Vizhnitz is the name of a Hasidic dynasty founded by Rabbi Menachem Mendel Hager. Vizhnitz (ויז׳ניץ or וויזשניץ) is the Yiddish name of Vyzhnytsia, a town in present-day Ukraine (then, a village in Austrian Bukovina).

Followers of the rebbes of Vizhnitz are called Vizhnitzer Hasidim.

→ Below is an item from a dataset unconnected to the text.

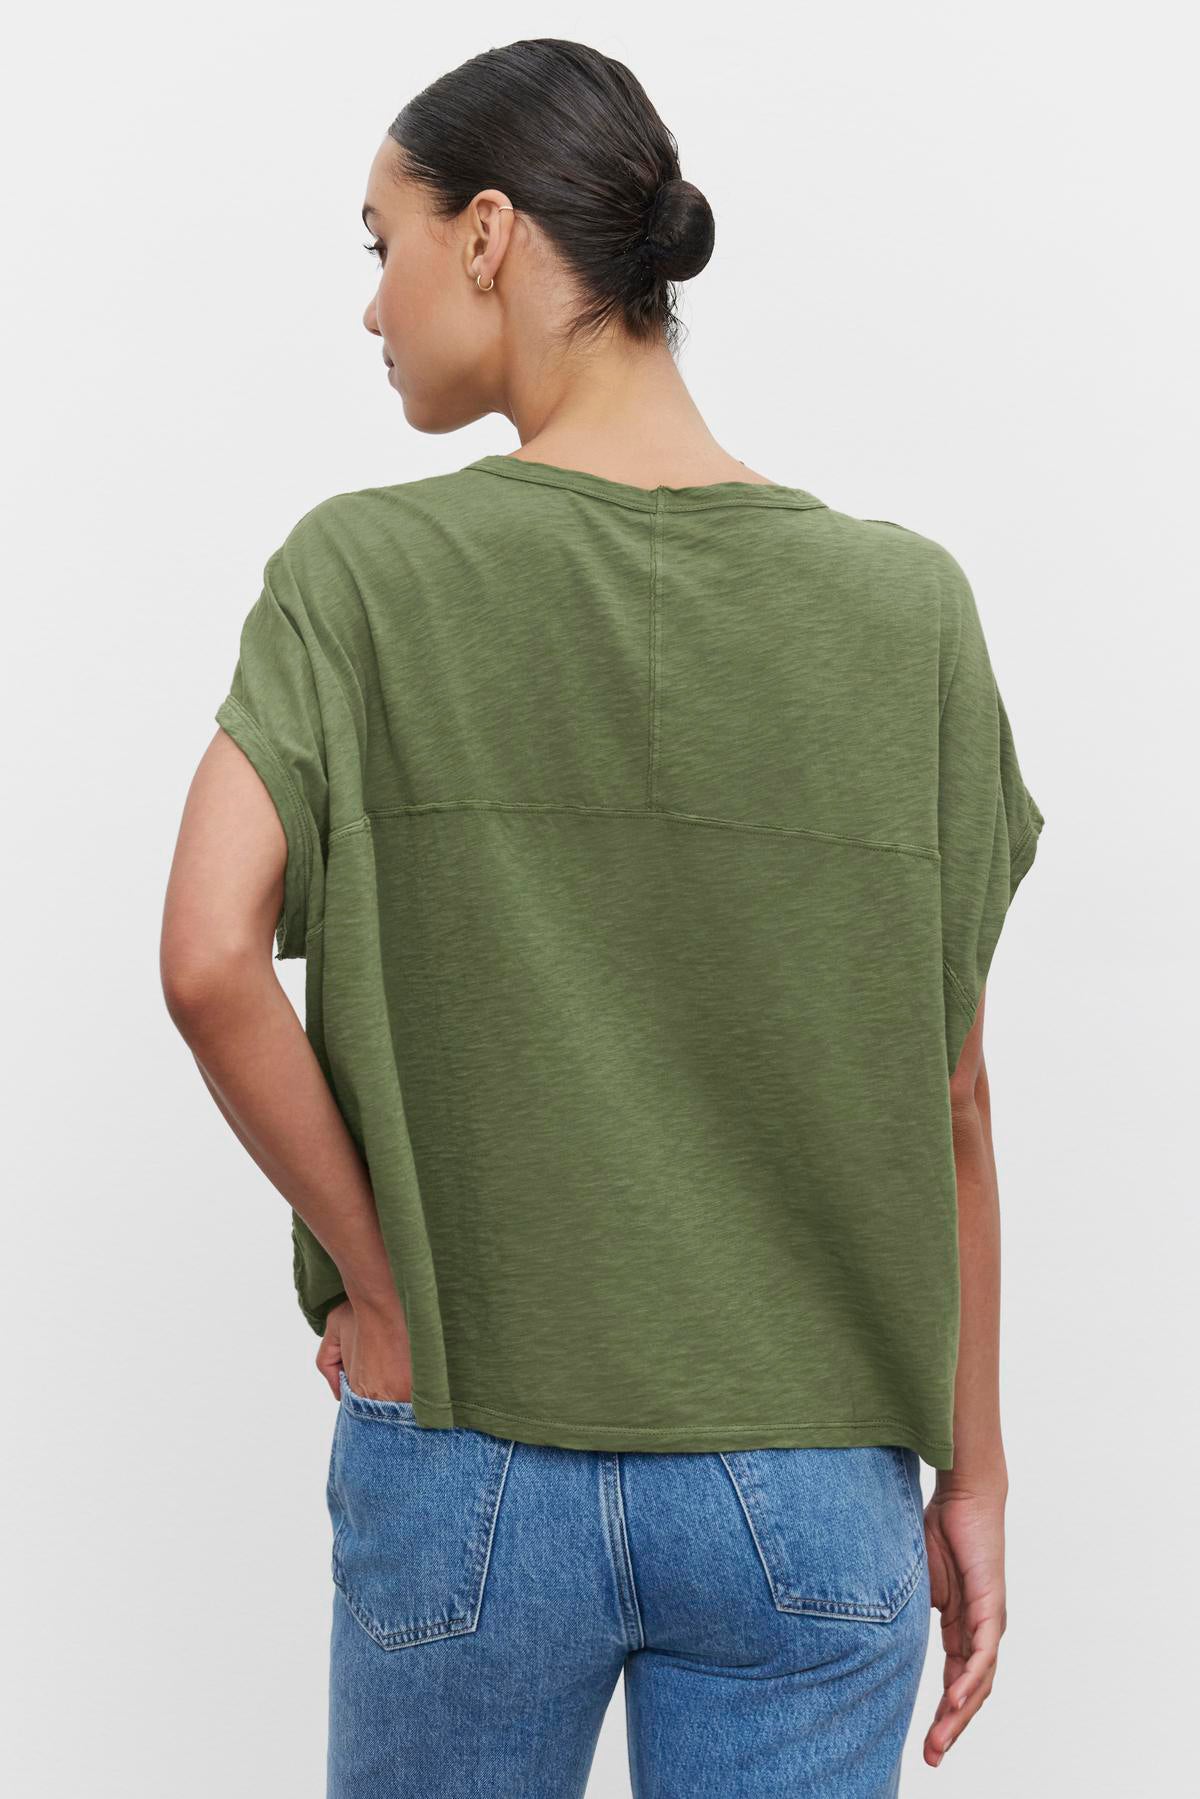 Woman from behind wearing a green Caroline Cocoon Top by Velvet by Graham & Spencer and blue jeans, standing with her left hand on her hip.-36532940603585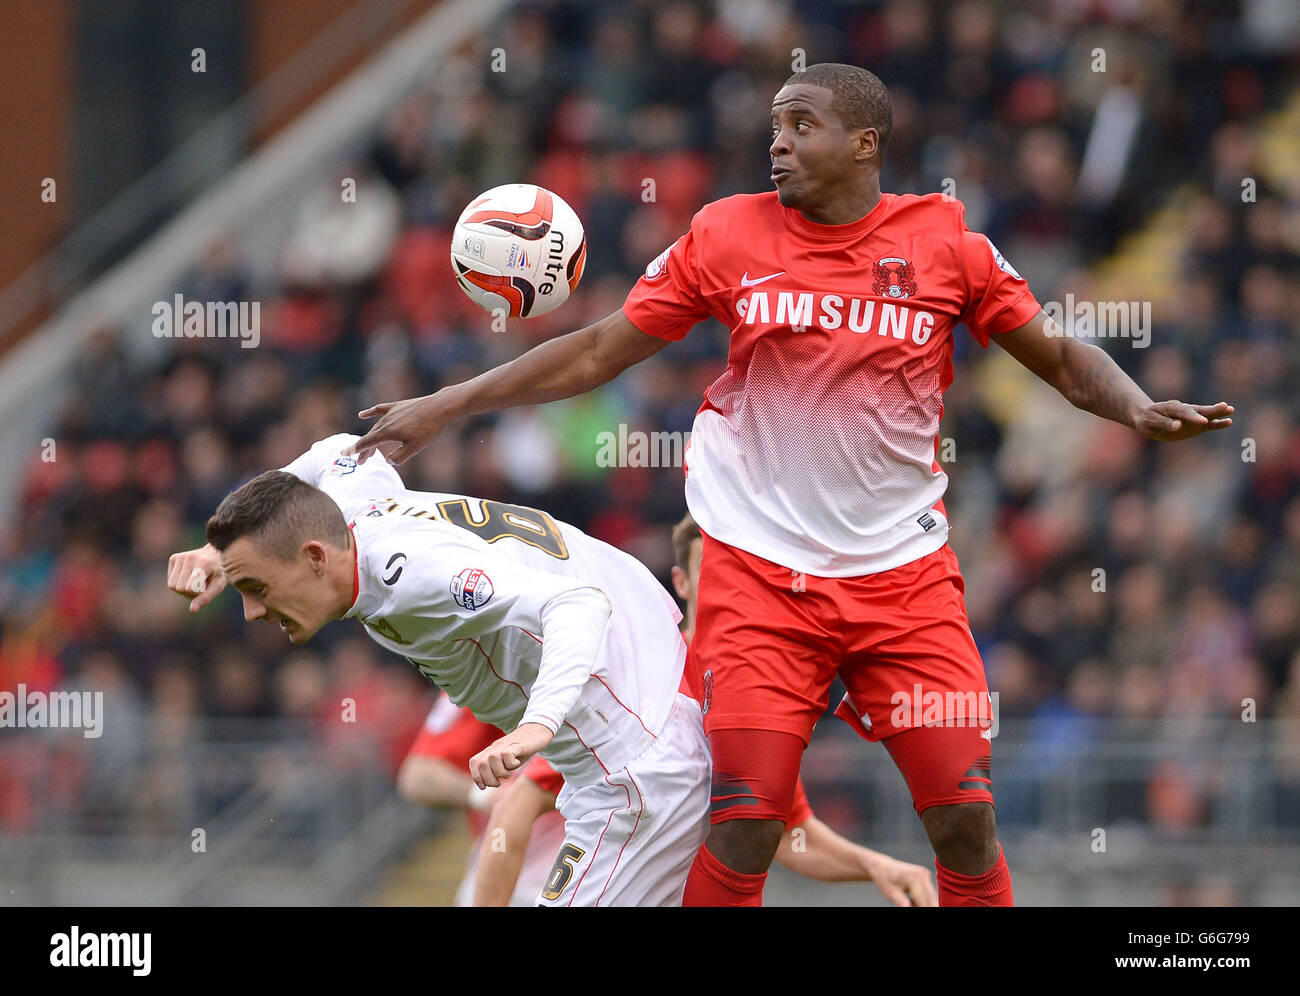 Leyton Orient's Kevin Lisbie (right) out jumps MK Dons' Shaun Williams during the Sky Bet League One match at the Matchroom Stadium, London. Stock Photo

==History of dynastic leadership==
===Menachem Mendel Hager===
Menachem Mendel Hager was born on May 17, 1830, in Kosiv, now in Western Ukraine. He was the son of Rabbi Chaim Hager of Kosiv, the grandson of Menachem Mendel Hager of Kosov, his namesake, and the son-in-law of Rabbi Israel Friedman of Ruzhyn. He was appointed Rebbe at the age of 24, and soon after, he moved to Vyzhnytsia, a small town close to Kosiv. As his reputation grew, so did his followers. He became known and admired for his charitable acts, sincerity in prayer, and love for Eretz Yisrael. In his older years, he endeavored to emigrate there. He had two sons, Reb Boruch and another, Reb Yaakov Dovid, who died during his lifetime. His son-in-law was the son of Rabbi Yehoshua Rokeach of Belz, Reb Shmuel of Sokal. His Torah thoughts were published under the title Tzemach Tzaddik. He died on October 18, 1884, and was buried in Vyzhnytsia. His son Reb Boruch took his place, becoming the second Rebbe of Vizhnitz.

===Boruch Hager===
Boruch Hager was born in 1845 and was named after Rabbi Boruch of Medzhybizh at the behest of his grandfather, Yisroel Friedman of Ruzhyn. In 1885, aged 40, he inherited the mantle of leadership from his father, Menachem Mendel Hager, and became rebbe to thousands of Hasidim. He led them for only eight years until his death in 1892. His Torah thoughts were collected in Imrei Boruch by his son-in-law. Eight of his sons became rebbes in different locales: His eldest, Reb Yisroel, succeeded him in Vyzhnytsia; Reb Chaim became rebbe in Ottynia; Reb Moshe in Suceava; Reb Shmuel Avrohom Abba in Horodenka; Reb Yaakov Yitzchok Dovid in Storozhynets; Reb Pinchos in Borsha; Reb Feivish in Zelishtshik; Reb Yechiel Michel succeeded his brother in Horodenka. Another son, Reb Sholom, died in his youth. His sons-in-law were Reb Shmuel Dov Chodorov of Petriva; Reb Mordechai Chodorov of Kolomea, who published Imrey Boruch; Reb Sholom Yosef Friedman of Sadigur-Chernovitz.

===Yisroel Hager===

Yisroel Hager was born on August 20, 1860. He was the first-born son of Rabbi Boruch Hager. He married the daughter of Rabbi Meir Horowitz of Dzhikov. In 1875, he moved to his father-in-law's house and studied at great length with his brother-in-law Rabbi Yehoshua of Dzikov. Three years later he returned to Vyzhnytsia and became very close to his grandfather, Rabbi Menachem Mendel Hager. In 1893 he was appointed as rebbe in Vyzhnytsia. The young rebbe invigorated the dynasty and attracted many more followers from the surrounding provinces. He established many Talmud Torahs, and also a yeshiva, to which he appointed his son Rabbi Menachem Mendel as rosh yeshiva. When World War I broke out he was forced to move to Grosswardein (Oradea). He lived there until his death on 2 June 1936. In 1949, his remains were transferred to Israel and re-interred in Zichron Meir, Bnei Brak.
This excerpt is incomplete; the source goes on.